Because this is a software system, and not a physical product, the development team has decided they can "upgrade" (change) either the server or the client whenever they see fit.

The development team has decided they want to make a new version of the server. This new version is such that the current client would not function with the new server. As such, they also make a new version of the client.

Now comes the issue of deployment.

  • If they upgrade the server but not the client, the system breaks. Now the client has to be upgraded urgently. If anything goes wrong in the meantime, the system stays broken for an indeterminate amount of time.

    Diagram of a client mismatch

  • If they upgrade the client but not the server, the system breaks. Now the server has to be upgraded urgently. If anything goes wrong in the meantime, the system stays broken for an indeterminate amount of time.

    Diagram of a server mismatch

  • If they upgrade the client and the server at the same time, and something goes wrong, the system is broken for an indeterminate amount of time. Now the team has to produce a fix urgently.

If you remember only one thing from this blog post, let it be this:

Urgency is a symptom of a fragile system.

Goals

Ideally, we would like to have a situation in which:

  • All urgency is removed from the development process.

  • Something going wrong during the development process does not break the system.

Compatibility

The key to solving these issues is to introduce the notion of compatibility. It is possible (and necessary) to produce a client that can communicate with multiple versions of a server.

Diagram of a compatible client

Similarly, it is possible to produce a server with which multiple versions of a client can communicate.

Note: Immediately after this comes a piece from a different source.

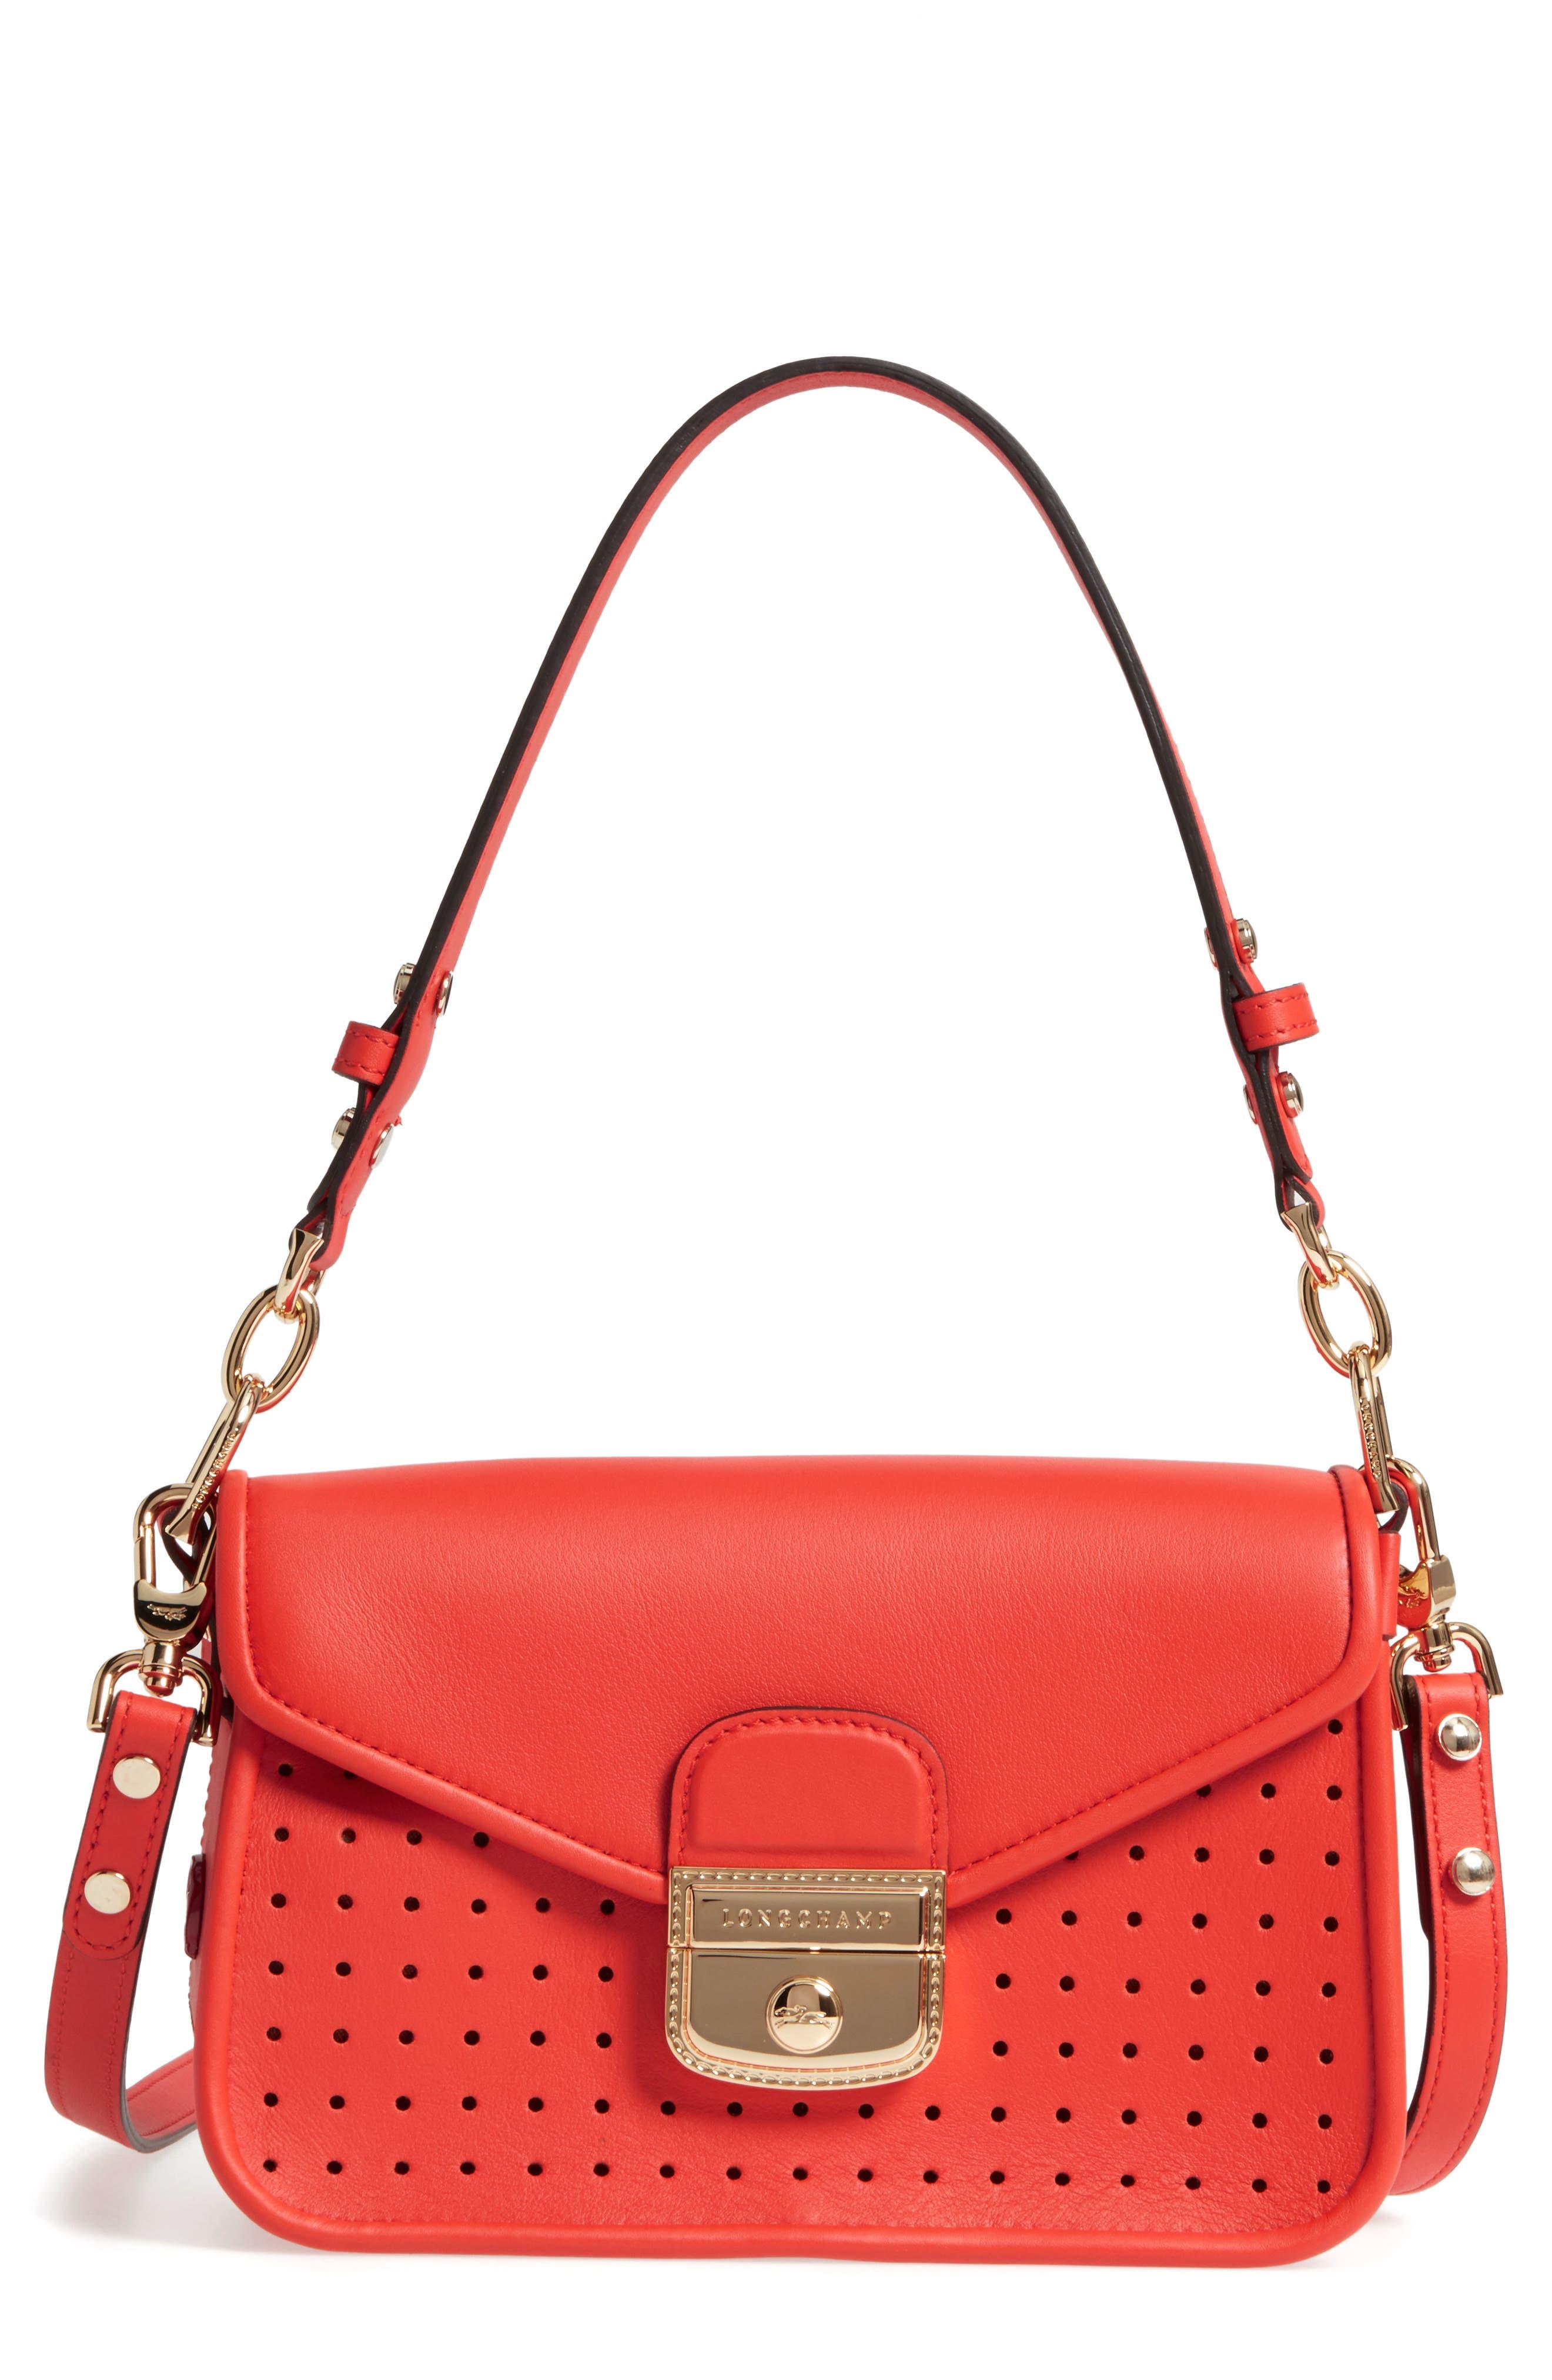 Longchamp Small Mademoiselle Calfskin Leather Crossbody Bag

Diagram of a compatible server

To remove the urgency in upgrading a client, we can make a server that can work with both the old and the new version of the client. To remove the urgency in upgrading a server, we can make a client that can work with both the old and the new version of the server.

Performing a hygienic upgrade

If we only produce a version 2 of both the client and the server, there is no way to perform an upgrade without any urgency.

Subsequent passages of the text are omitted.